*Instructions for the task*
Copy out all the lines in the records that include the word "American".

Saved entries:

::::

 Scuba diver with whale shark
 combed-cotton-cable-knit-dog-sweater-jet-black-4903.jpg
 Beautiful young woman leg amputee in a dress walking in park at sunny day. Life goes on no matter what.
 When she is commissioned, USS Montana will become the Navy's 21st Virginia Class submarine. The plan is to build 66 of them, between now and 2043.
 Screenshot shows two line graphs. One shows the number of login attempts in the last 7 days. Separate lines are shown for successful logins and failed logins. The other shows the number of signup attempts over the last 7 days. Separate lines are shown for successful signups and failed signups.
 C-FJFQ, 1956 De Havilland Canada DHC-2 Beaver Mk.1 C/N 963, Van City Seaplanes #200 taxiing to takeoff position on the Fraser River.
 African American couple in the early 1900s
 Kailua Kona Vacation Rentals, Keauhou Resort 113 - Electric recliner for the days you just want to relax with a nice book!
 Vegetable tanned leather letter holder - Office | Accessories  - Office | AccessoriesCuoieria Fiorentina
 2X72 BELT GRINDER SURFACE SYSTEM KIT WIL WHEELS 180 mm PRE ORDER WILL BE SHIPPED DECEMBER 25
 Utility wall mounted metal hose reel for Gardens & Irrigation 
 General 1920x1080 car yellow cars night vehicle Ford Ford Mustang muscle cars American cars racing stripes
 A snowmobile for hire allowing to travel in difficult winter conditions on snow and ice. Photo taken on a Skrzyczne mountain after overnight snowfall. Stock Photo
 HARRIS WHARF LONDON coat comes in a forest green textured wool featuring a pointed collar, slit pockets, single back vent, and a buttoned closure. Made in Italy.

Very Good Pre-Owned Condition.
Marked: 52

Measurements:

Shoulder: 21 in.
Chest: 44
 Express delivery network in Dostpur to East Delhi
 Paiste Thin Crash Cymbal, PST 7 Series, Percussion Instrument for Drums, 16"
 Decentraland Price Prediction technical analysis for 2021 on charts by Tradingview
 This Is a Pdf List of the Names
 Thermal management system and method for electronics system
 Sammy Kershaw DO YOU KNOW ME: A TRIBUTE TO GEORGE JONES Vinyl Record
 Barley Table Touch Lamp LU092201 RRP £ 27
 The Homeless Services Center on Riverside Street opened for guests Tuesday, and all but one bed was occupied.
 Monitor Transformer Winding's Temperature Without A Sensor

::::

*Task solution*
 African American couple in the early 1900s
 General 1920x1080 car yellow cars night vehicle Ford Ford Mustang muscle cars American cars racing stripes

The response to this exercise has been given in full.